Ты должна быть сутулой и бледной. Как родилась мода на «чахоточность»

Туберкулез — опасная болезнь, но когда-то чахотка для мира была романтическим недугом (с расистскими нюансами).

Почти все героини классической литературы буквально: болезненно худая девушка с бледной кожей, холодными руками и впалыми щеками. Спасибо эпохе романтизма за, пожалуй, одну из первых масштабных нездоровых романтизаций.

В своей книге американский историк Франк Сноуден рассказывает, как болезни повлияли на ход истории и обществеенные представления о жизни и смерти, красивом и уродливом.

Отрывок из книги Франка Сноудена «Эпидемии и общество: от Черной смерти до новейших вирусов»

Наиболее исчерпывающим изложением «романтической» интерпретации туберкулеза стал труд Лаэннека, выдающегося специалиста эпохи. В итоге и сам умерший от туберкулеза в 1826 г.

Лаэннек всю свою недолгую жизнь провел за тем, что выслушивал грудные клетки чахоточных пациентов, которых навещал в палатах больницы Неккер, сопоставляя услышанное с патологическими изменениями, которые наблюдал на анатомическом столе в ходе посмертных вскрытий.

Главный вклад Лаэннека в понимание механизмов туберкулеза многообразен, в том числе разработка метода опосредованной аускультации и предположение, сделанное на основании наблюдений и аккуратных вскрытий бугорков-туберкулов, образующихся по всему телу: на вид разрозненные повреждения органов в действительности представляют собой проявления одного и того же специфического заболевания.

Поняв, что образование туберкулов первично для развития этой болезни, Лаэннек объединил ряд патологий, которые ранее считались несвязанными. Так он стал отцом-основателем единой теории туберкулеза.

Наибольшее влияние оказала его доктрина эссенциалистской концепции, которая до революционного открытия, сделанного Кохом, доминировала в представлениях о туберкулезе как в профессиональном сообществе, так и в сознании общественности. Эссенциалистской теория Лаэннека называлась потому, что предполагала причину болезни в природе — или сущности (лат. essentia) — самого организма.

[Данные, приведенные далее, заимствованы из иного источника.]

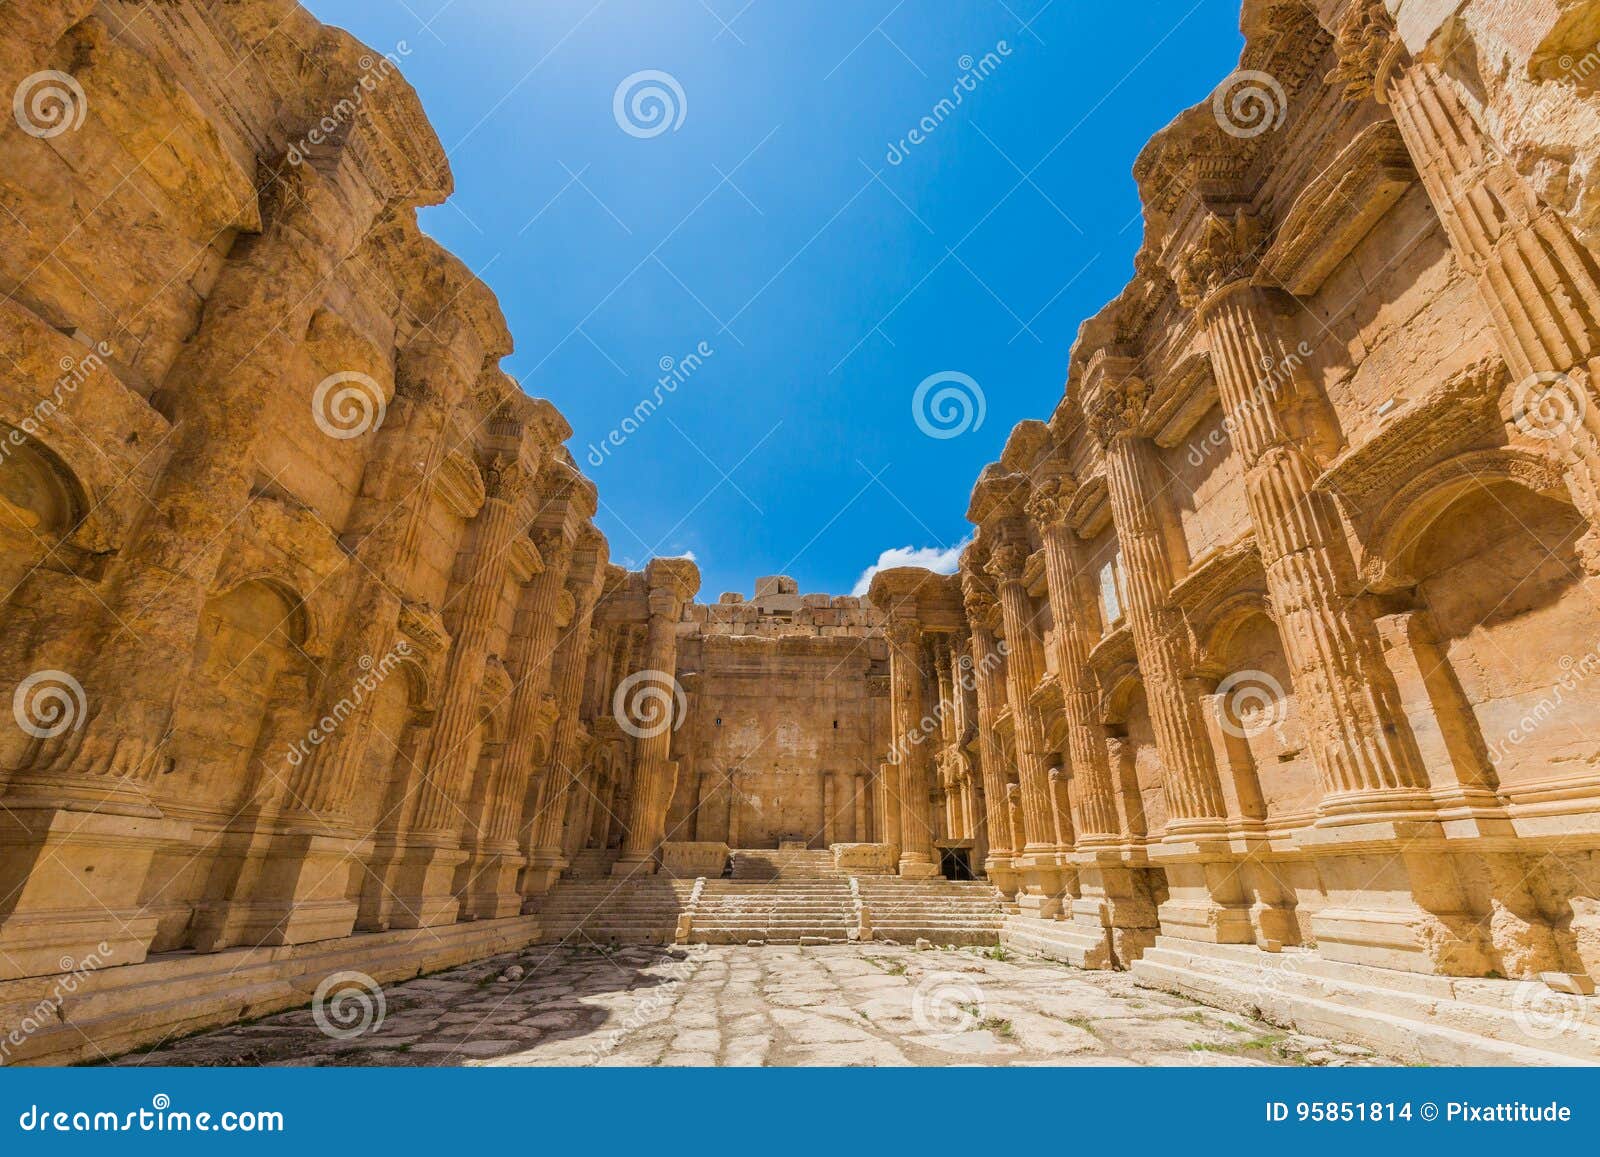 temple of bacchus romans ruins baalbek beeka lebanon

Лаэннек был ярым противником контагионизма и утверждал, что чахотка передается по наследству, развивается из-за внутренних особенностей организма и обусловлена его конституцией. По собственному выражению Лаэннека, это был врожденный диатезис — греческое слово, означающее предрасположенность. То есть главной причиной склонности человека к чахотке был унаследованный или врожденный дефект.

Из-за него человек становился уязвим к воздействиям окружающей среды, непосредственным или ускоряющим процессам, которые и провоцировали в восприимчивом организме болезнь. А значит, туберкулез — это судьба, предначертанная человеку и его телу от рождения. Следовательно, жертвы чахотки невинны и, в отличие от больных сифилисом или оспой, не представляют опасности для сородичей.

Веривший в самопроизвольное зарождение, Лаэннек считал, что диатезис организма может и сам по себе привести к развитию заболевания по внутренним причинам. Однако в первую очередь подчеркивал роль ускоряющих процессов — внешних и побочных.

Если в конечном счете первопричиной туберкулеза был диатезис, то ускоряющие процессы могли быть разными. Лаэннек придавал большое значение эмоциональным потрясениям и таким «мрачным чувствам» (passions tristes), как тоска, неоправдавшиеся надежды, религиозный фанатизм и безответная любовь, которые угнетают «животную энергию» организма.

С точки зрения медицины к аналогичным последствиям могло приводить и злоупотребление интеллектуальными способностями, вследствие перенапряжения и «порочного честолюбия».

Кроме того, решающую роль могли играть физиологические факторы. Не чуждые морализаторства врачи особо упирали на сексуальную невоздержанность, от которой, по их мнению, человек терял жизненно важные телесные жидкости и в результате слабел, становясь уязвимее для болезни.

Амедео Модильяни, «Женщина с веером», 1919

В этом отношении самые серьезные опасения вызывала мастурбация. Онанизм, как вещал пульмонолог Аддисон Датчер, — это «самоосквернение» и «великое проклятие рода человеческого», по ущербу для здоровья сопоставимое с «войной, пьянством, поветрием и голодом».

«Туберкологи», как называли себя некоторые специалисты, в росте заболеваемости туберкулезом подчеркивали и злодейскую роль спиртных напитков. Влиятельные общественные движения XIX в., боровшиеся за трезвость, опирались не только на моральные и религиозные заповеди, но и на медицинский догмат, согласно которому алкоголь подогревает распространение белой чумы.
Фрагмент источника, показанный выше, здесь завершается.